More good stuff on the downside of the open frontiers – 7/30

The wide open frontiers of publishing, technology, energy and space do have a down side. Not everything is rosy. Here’s a few of the articles on the unpleasant side of this amazing world we live in.

The closed energy frontier and a great quote on the role of faith in environmental issues

7/8 – The Feed – Germany Bows to Green Folly, Backs Off Fracking (link broken) – Germany closed down its nuclear reactions and increased coal-burning to offset. It relies on Russia for most of its natural gas. To those two dangerous issues, a proposal on the table will ban fracking for 7 years, locking in their hostage status with Russia as they increase their carbon output.

7/8 – Wall Street Journal – Germany’s Fracking RetreatThe Environment Minister has a legislative proposal to ban fracking for 7 years. The country imports 90% of its natural gas even though the amount underground in non-conventional fields would provide its needs for 100 years if it wanted to pull the gas out of the ground. So the country is voluntarily turning off the clean nuclear plants, increasing use of dirty coal, increasing use of costly wind power, and now chooses not to use its own gas and instead chooses to remain vulnerable to Russia. I don’t get it.

Faith as driver in energy and environmental issues.

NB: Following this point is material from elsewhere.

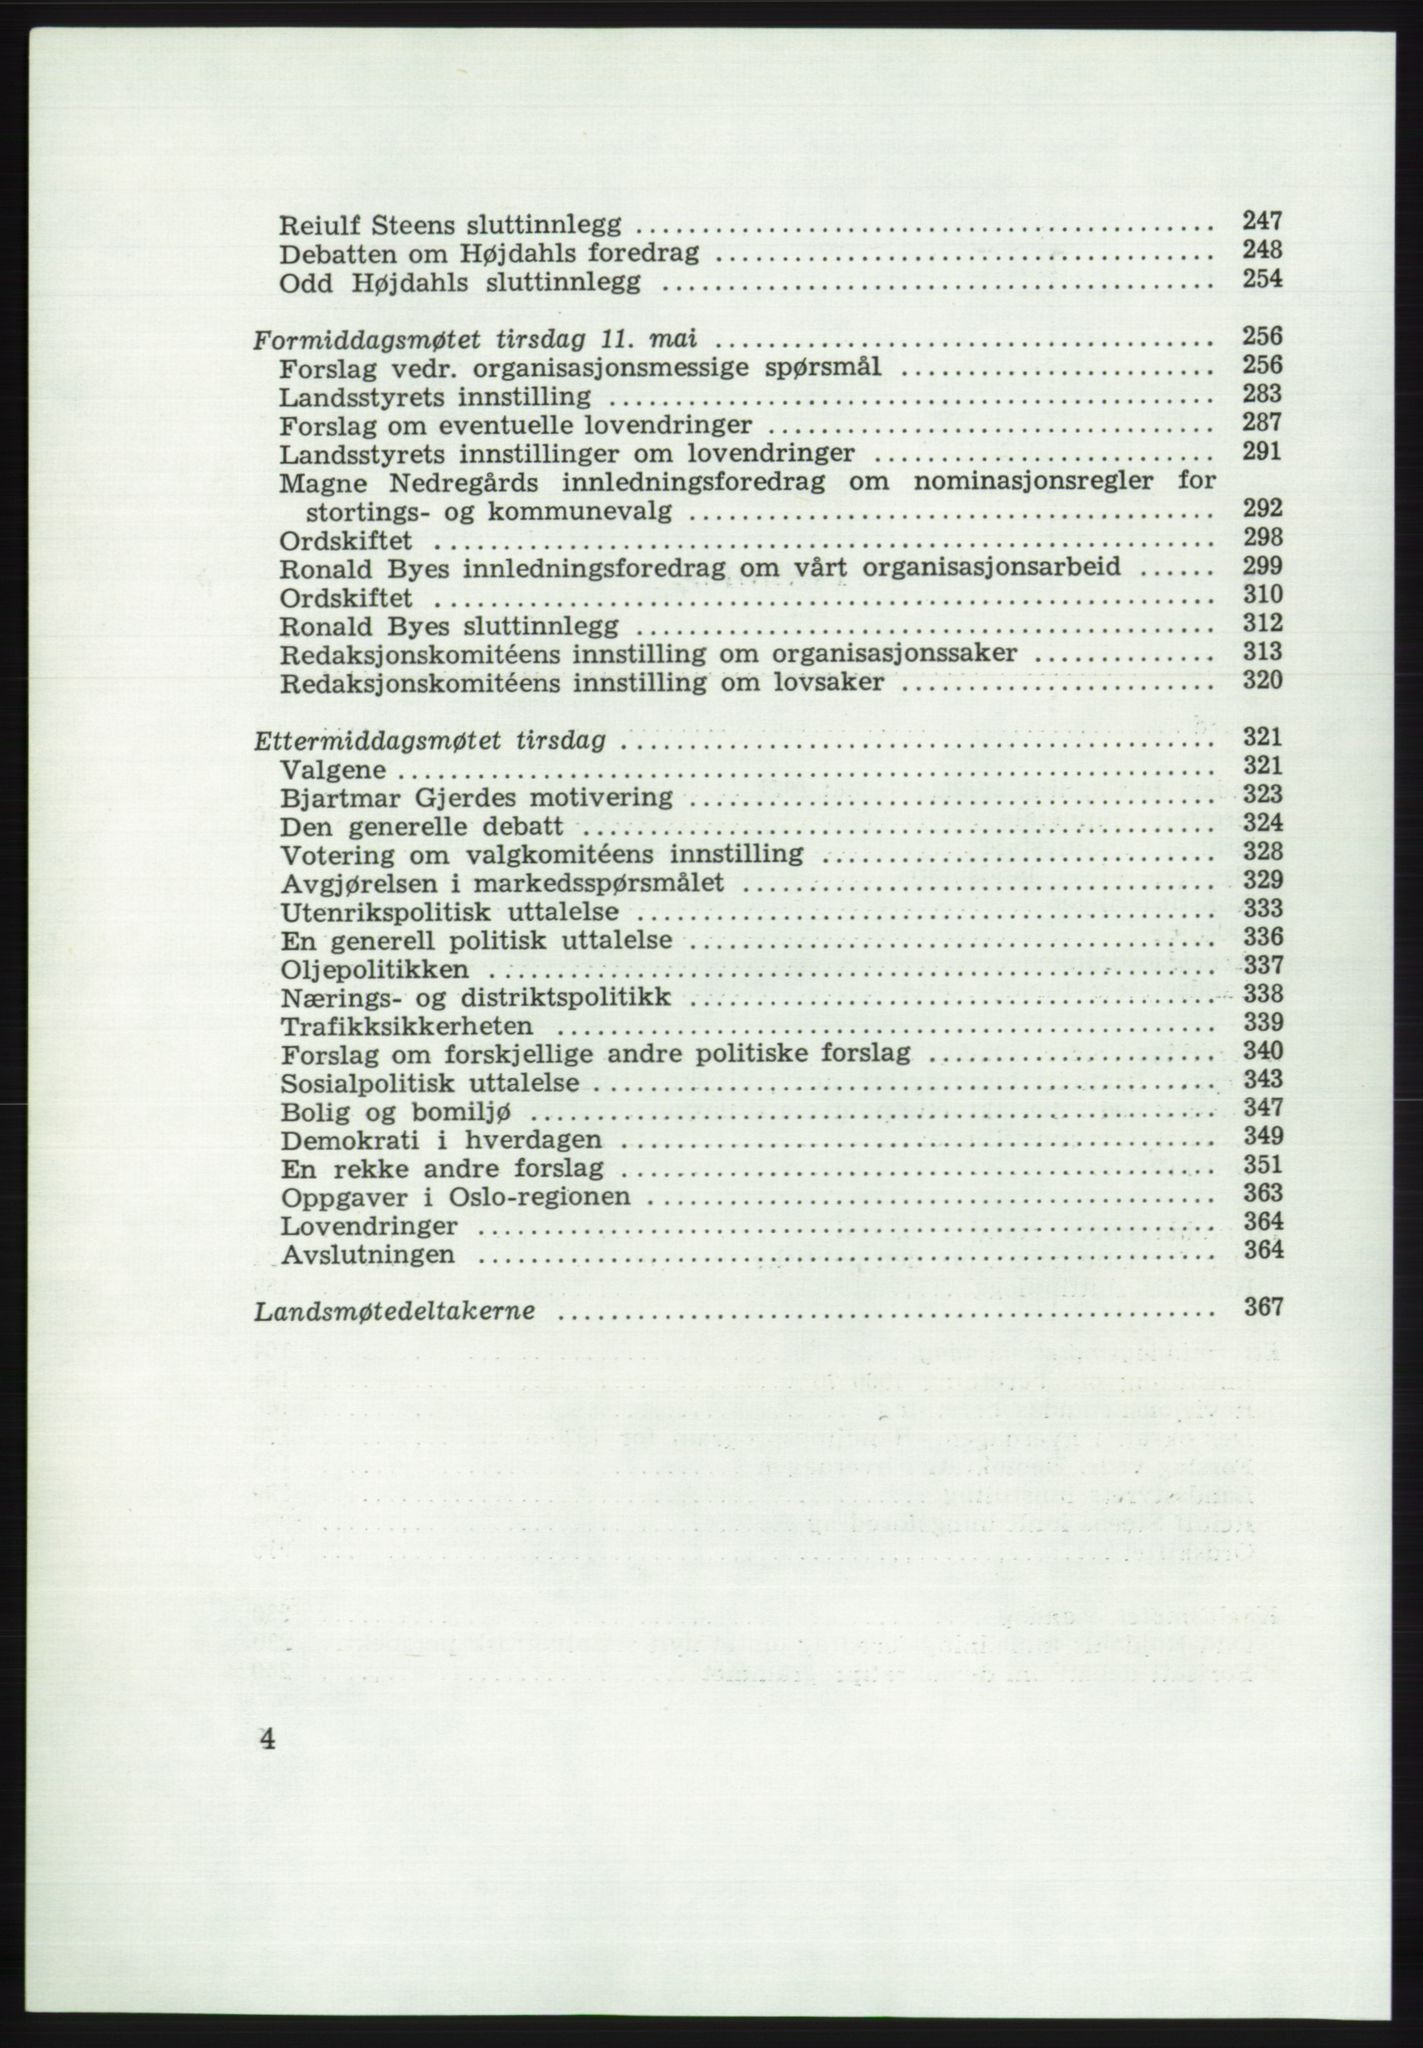 Det norske Arbeiderparti - publikasjoner, AAB/-/-/-: Protokoll over forhandlingene på det 43. ordinære landsmøte 9.-11. mai 1971 i Oslo, 1971, p. 4
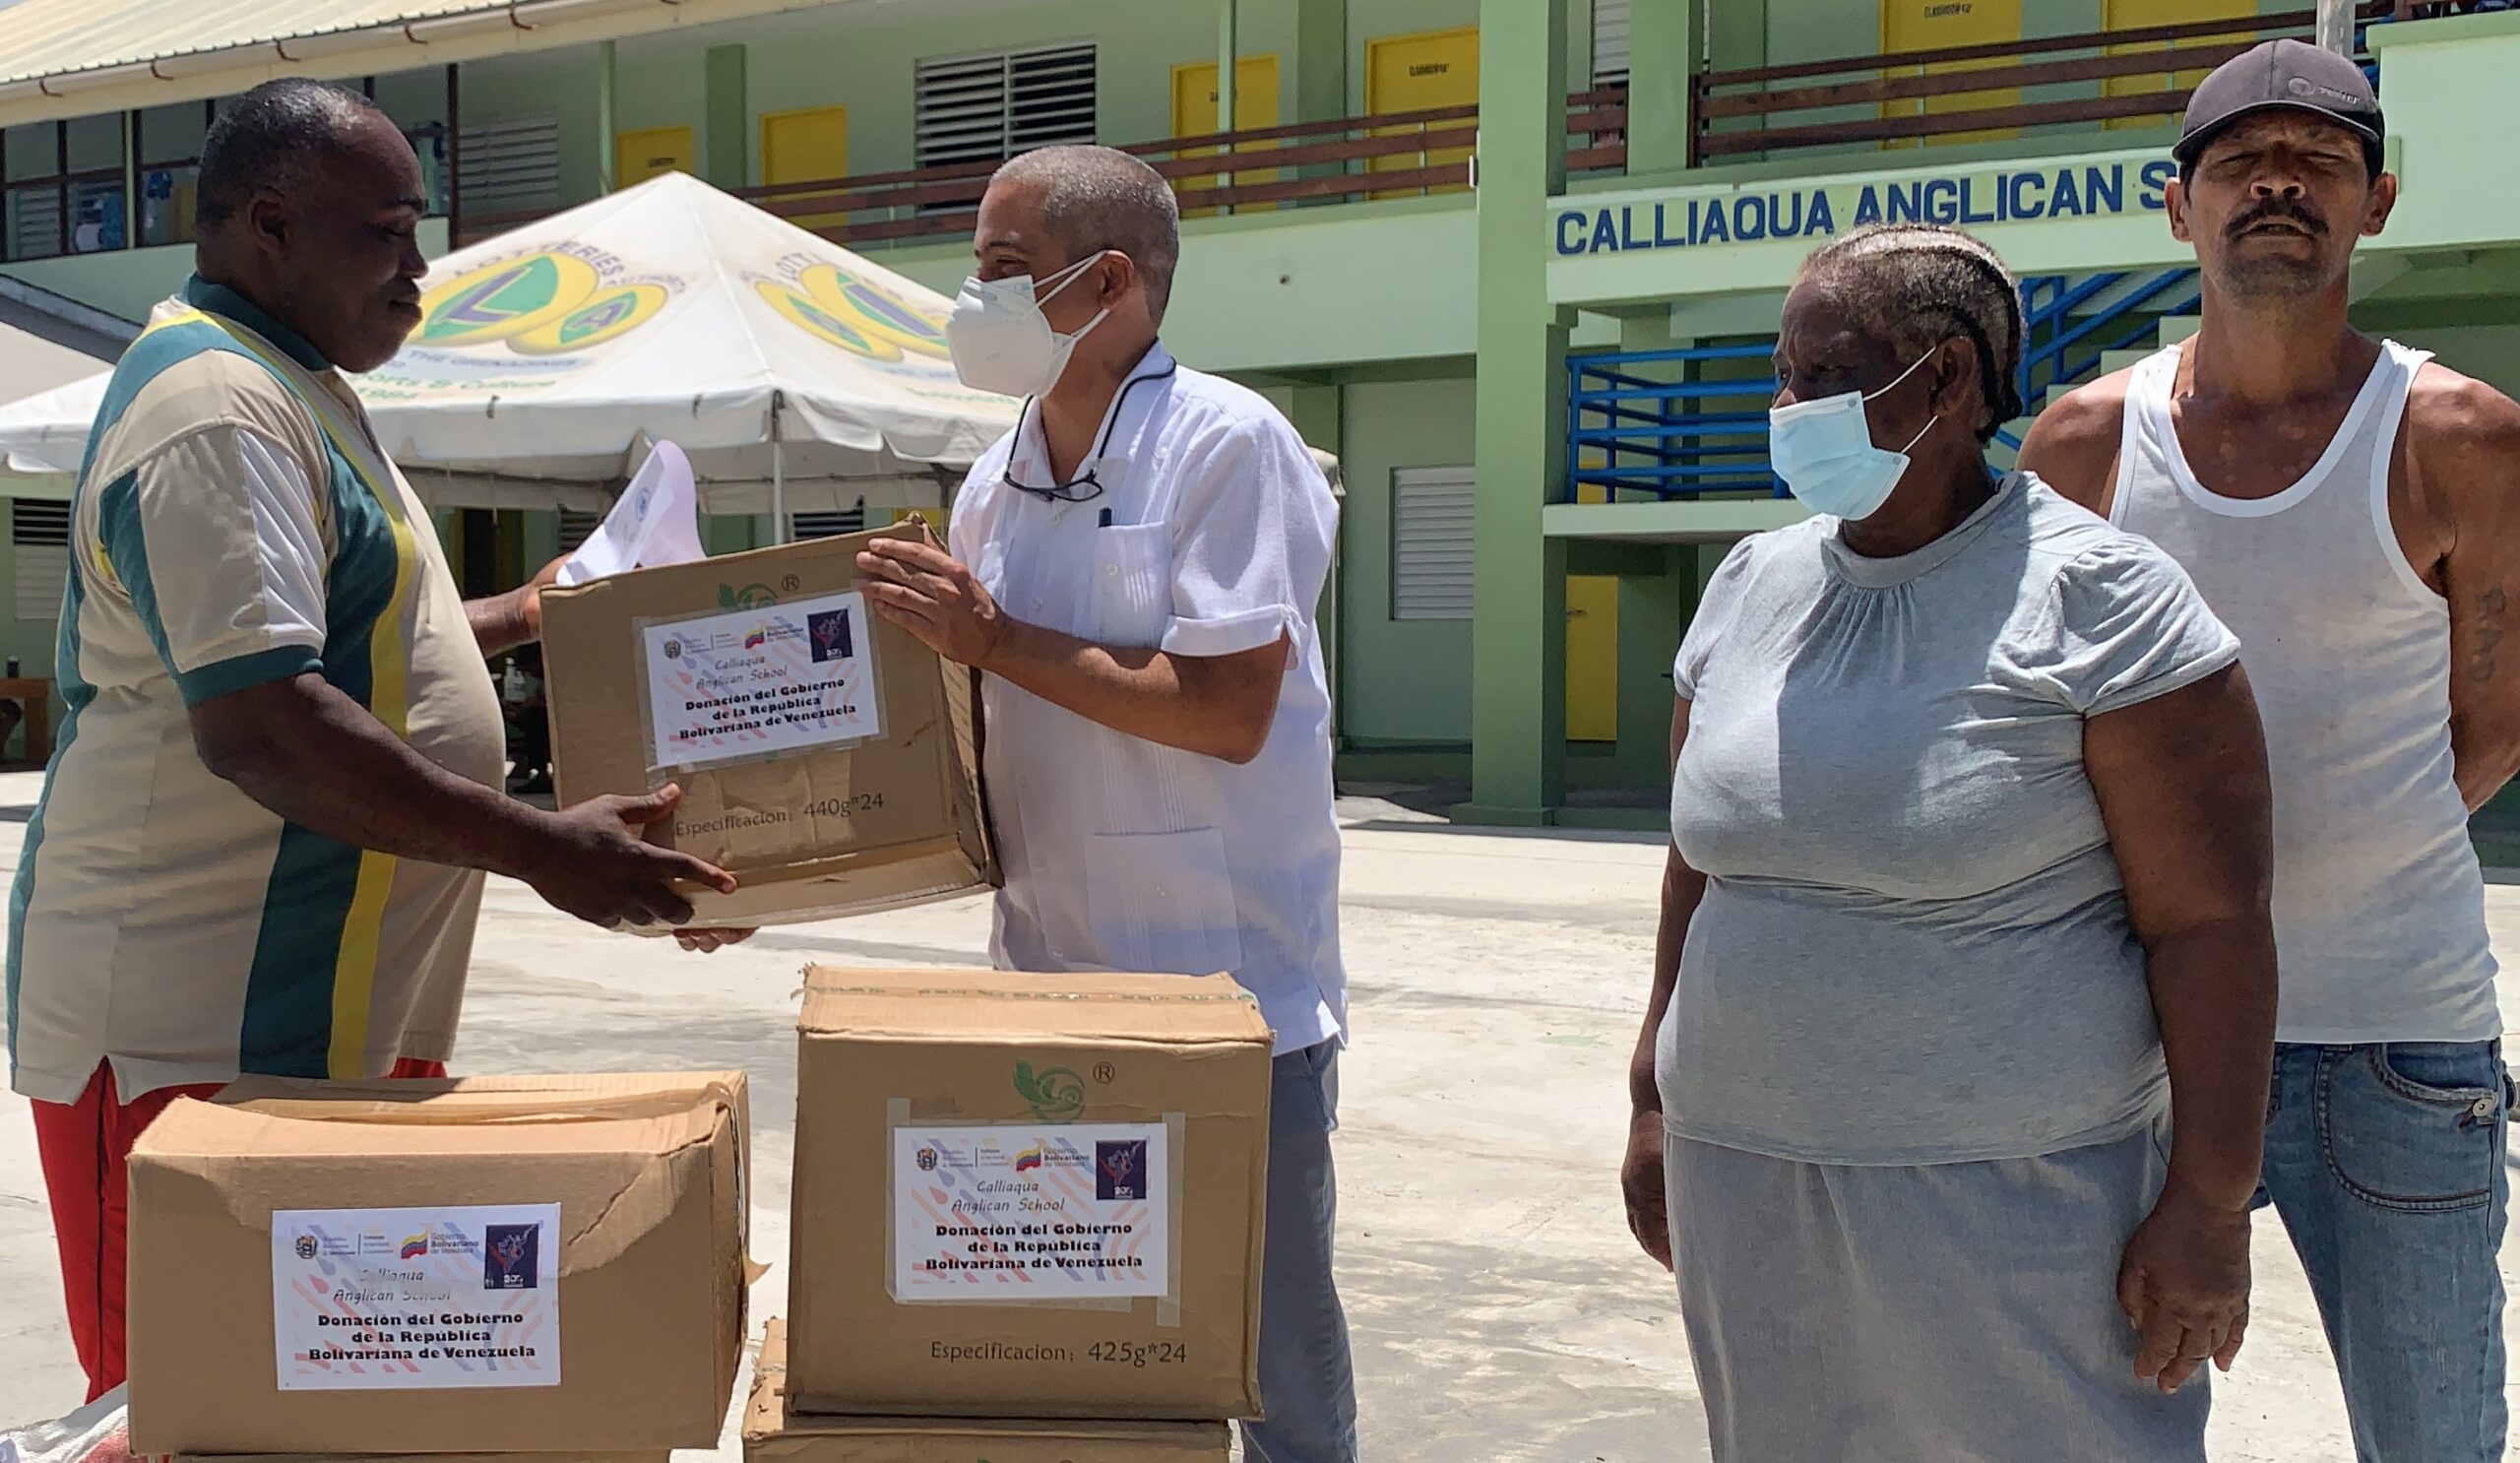 Misión venezolana entrega donativos a los refugios  de San Vicente y las Granadinas

The WSJ editorial starts with this line:

Modern environmentalism is sometimes likened to a medieval religion, in which articles of faith remain binding on believers even when contradicted by reason and evidence.

I have no trouble with one’s faith driving one’s opinions and actions. I boldly declare that my faith is the foundation for most things I think, do, and believe. Make no mistake, you won’t be changing the core components of my faith with any of your logical statements.

I have long sensed that faith is a core component of some issues in the energy area. The devotion to the concept of Peak Oil, for example, is incomprehensible if analyzed from a perspective of logic and evidence. Yet if analyzed as an expression of faith, it makes sense. Peak Oil is valid because its true disciples believe as a matter of faith that it is true.

Education

7/16 – Insider Higher Ed – Adjuncts Urge Labor Dept. Inquiry Into Working Conditions – Petition to Dept of Labor from 500 adjunct staff asked the government to start a sector wide inquiry to wage and hour issues. Claim is that paying adjunct instructors only for their in-class time puts them in the annual income range of fast-food workers and constitutes wage theft.

Apart from this petition, the comp patterns in higher ed sounds like a fairly serious strategic threat to the entire industry.

I don’t think that an inquiry looking at time cards for hours reported compared to actual hours worked would be a pleasant experience for either an individual university or for the industry.

7/25 – WSJ – Obama’s Corinthian Kill – The editorial calls the efforts by ED a drive-by shooting and contract kill.  The rolling series of ever-expanding inquiries created huge compliance costs. A 4/12 inquiry netted 85,000 pages. Expansion in 9/13 covered every document, email, report, and presentation in existence on the student loan program. In 6/13, the SEC opened a broader investigation. In 1/14, ED asked for comprehensive data on 175,000 grads (with an initial demand of 30 days to produce). That was expanded to every student at every school.

The editorial now says the feds claim they had no idea there was any indication of cash trouble.

The college gave notice to investors of liquidity trouble. An investment report said there would be cash flow trouble. ED asked for notice of any adverse actions. ED posted a link to an SEC filing disclosing low liquidity. Then ED placed the college on ‘heightened cash monitoring.’ Instead of a few days delay in funds, ED imposed a 21 day delay.

The article again says the feds now say they had no idea there was danger. Editorial closes with:

This was a contract hit, not accidental homicide.

If this is the new standard for colleges and universities, I’m guessing there are a lot of private and public schools also in danger.

Downside of technology

7/25 – Wired- The App I Used to Break Into My Neighbor’s Home – Services on the ‘net, your smart phone, and a few seconds alone with your keys is all it takes to make a copy. Two key quotes:

Parking valets suddenly require a ludicrous level of trust.

and

“It only takes seconds to duplicate a key.